Tene pmichaud: I think it was a weird rakudo build... I updated everything and now it just fails, complaining that it can't be parsed 20:47
pmichaud okay.
hercynium ah... hey, anybody here with ops in #perl, both here and on MAGNet?
Tene which is probably right, as ☕ isn't a letter, iirc
sbp ah! it's bottable, cool
hercynium I'm working from a cafe and it looks like some luser got the IP banned :(
sbp how comes p6eval picked it up?
despite the fact that it rebuilt rakudo before you fixed this
which I presume is a daily cron 20:48
Tene sbp: rebuilds regularly.
pmichaud sbp: it's a 30 minute cron
sbp oh. surprised I've not noticed its build downtime before. thanks
PerlJam I thought it was a 60 minute cron 20:49
(top of the hour only. I've never noticed a problem at the bottom of the hour)
pmichaud since Tene++'s push has been since the top of the hour, it has to be more often than that :-) 20:50
skids (at least, for those of us who schedule hourly jobs on the 0) 20:51
:-)
pmichaud also, I have:
19:36 <p6eval> rakudo 77b920: OUTPUT«sh: ./perl6: No such file or directory␤»
which means the rebuild was taking place at the bottom of the hour.

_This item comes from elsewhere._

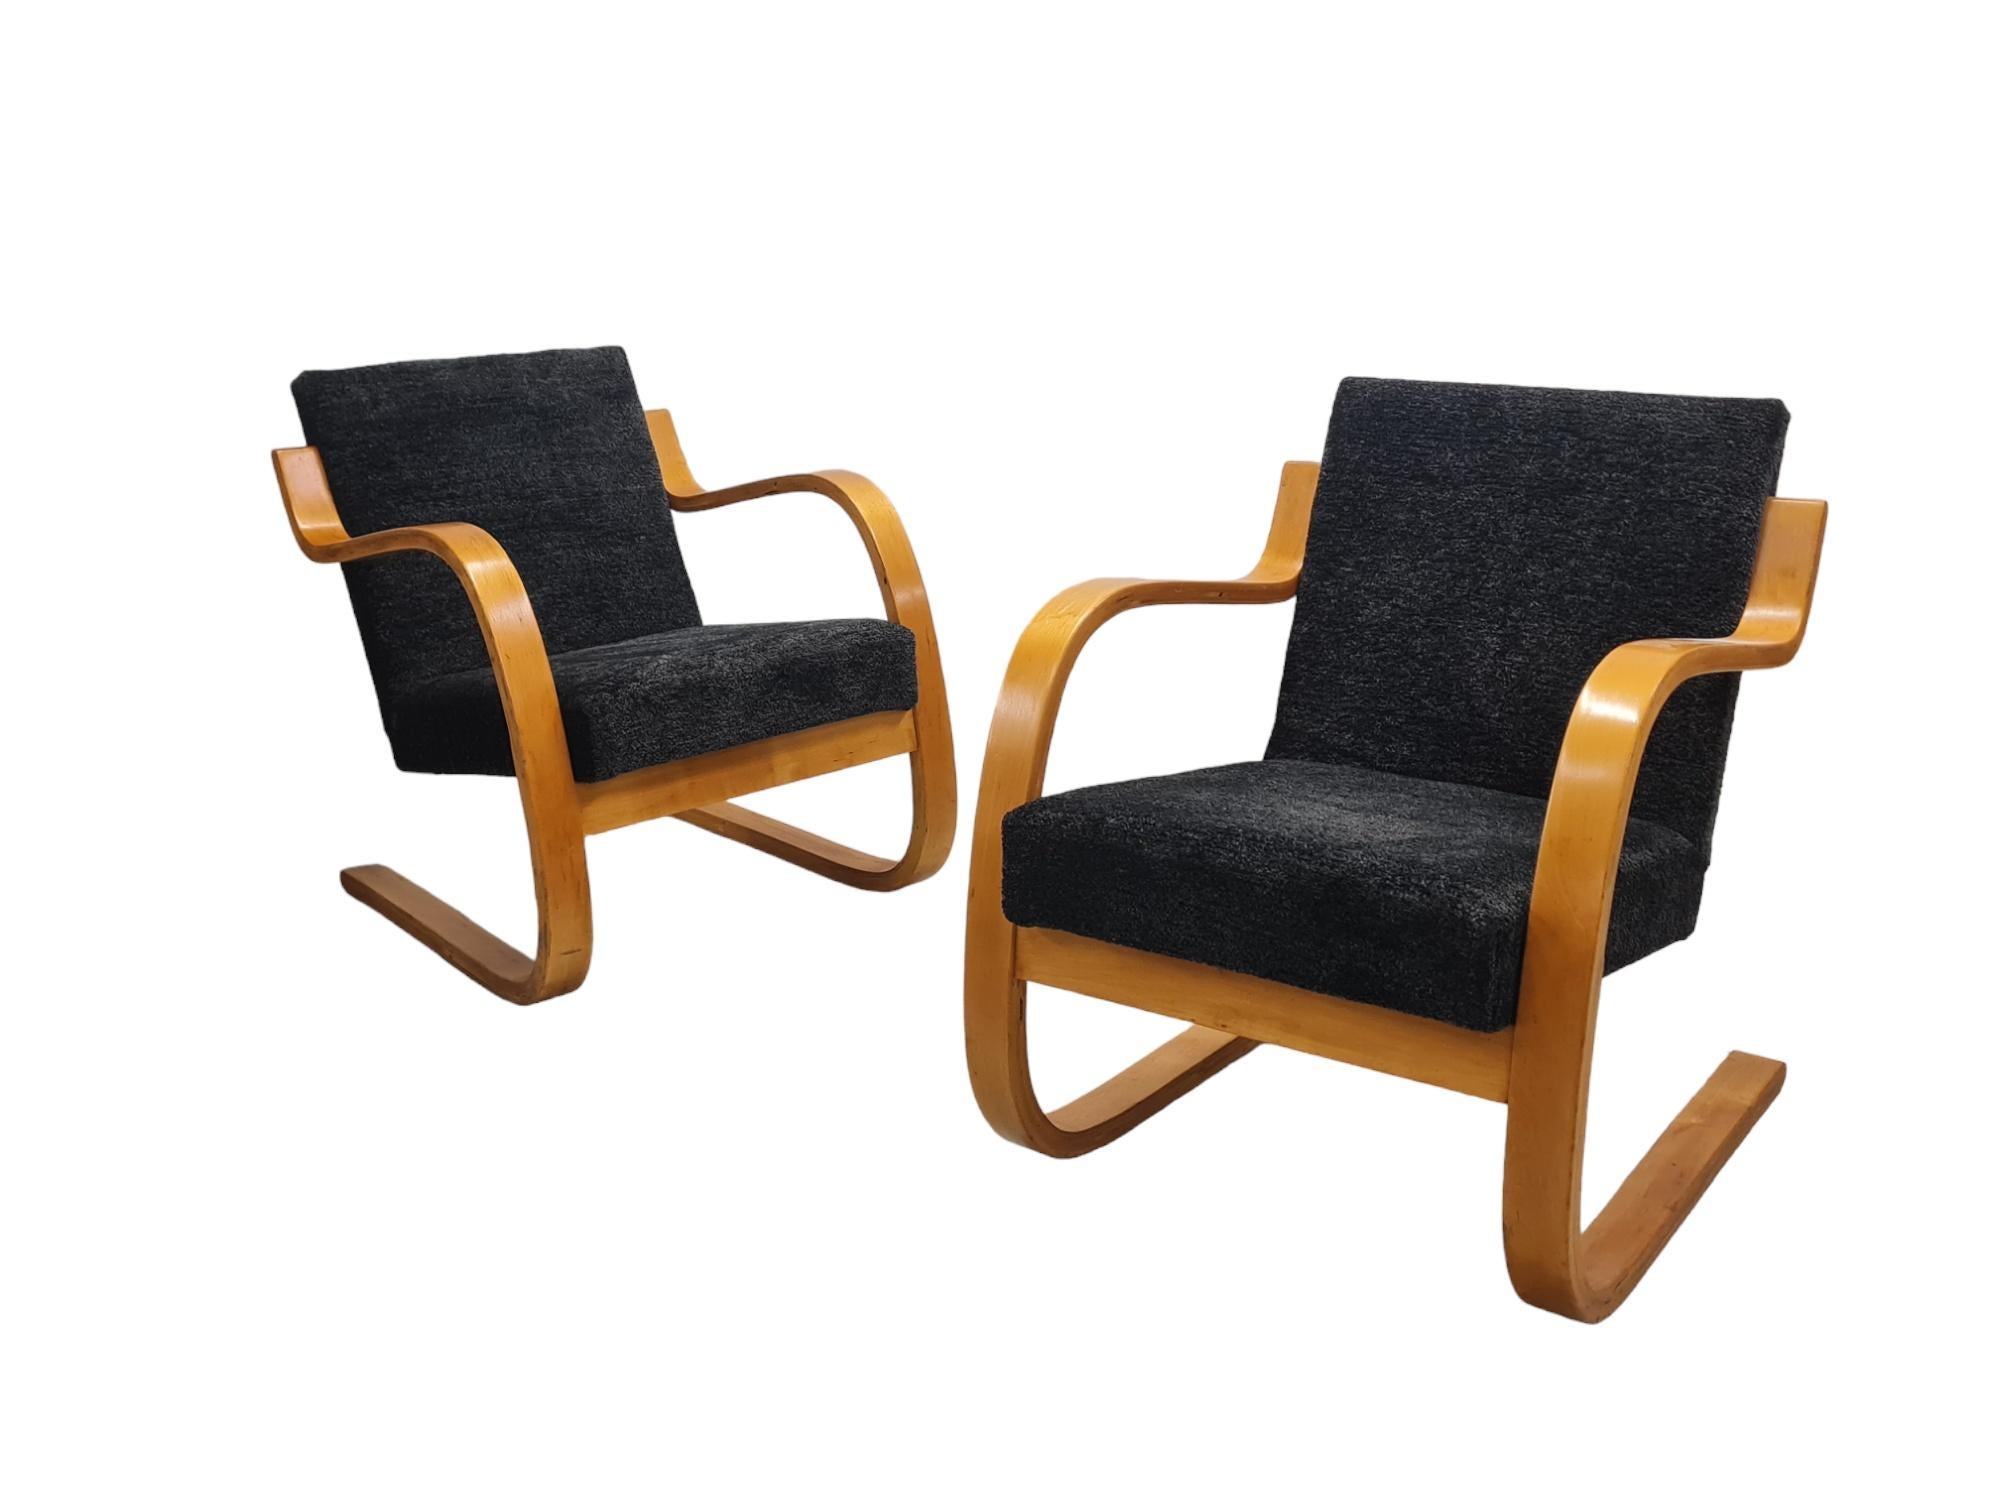 A beautiful pair of mid-century Alvar Aalto cantilever 'spring' chairs model 402, also known as Pikkupaimio (small paimio) associated with the legendary Paimio Sanatorium designed by Aalto. 

The chairs are lightweight and can be situated

bloonix 0,15,30,45 * * * * perl /home/evalenv/build-rakudo.pl
sbp heh, we were all wrong 20:52
PerlJam no, just right to varying degrees.
sbp hehe
pmichaud I just missed the 30 minute cycle that was offset 15 minutes from the one I knew about :-)
PerlJam Just like Newton is still right, even though Einstein refined his results a litt.e :)
er, little
20:53 ejs joined
pmichaud bloonix: any way we could get a timing of ./perl6 -e "say 'a'..'z'" on the box, to perhaps find out how long it's taking there? 20:53
bloonix pmichaud: do you want a login to the box? 20:54
pmichaud that would work, too :-)
bloonix moritz administrates the machine, I am just the owner ^^
PerlJam It doesn't run on one of the feathers?
pmichaud I'm just surprised that rakudo is taking >5s to run some of these short programs.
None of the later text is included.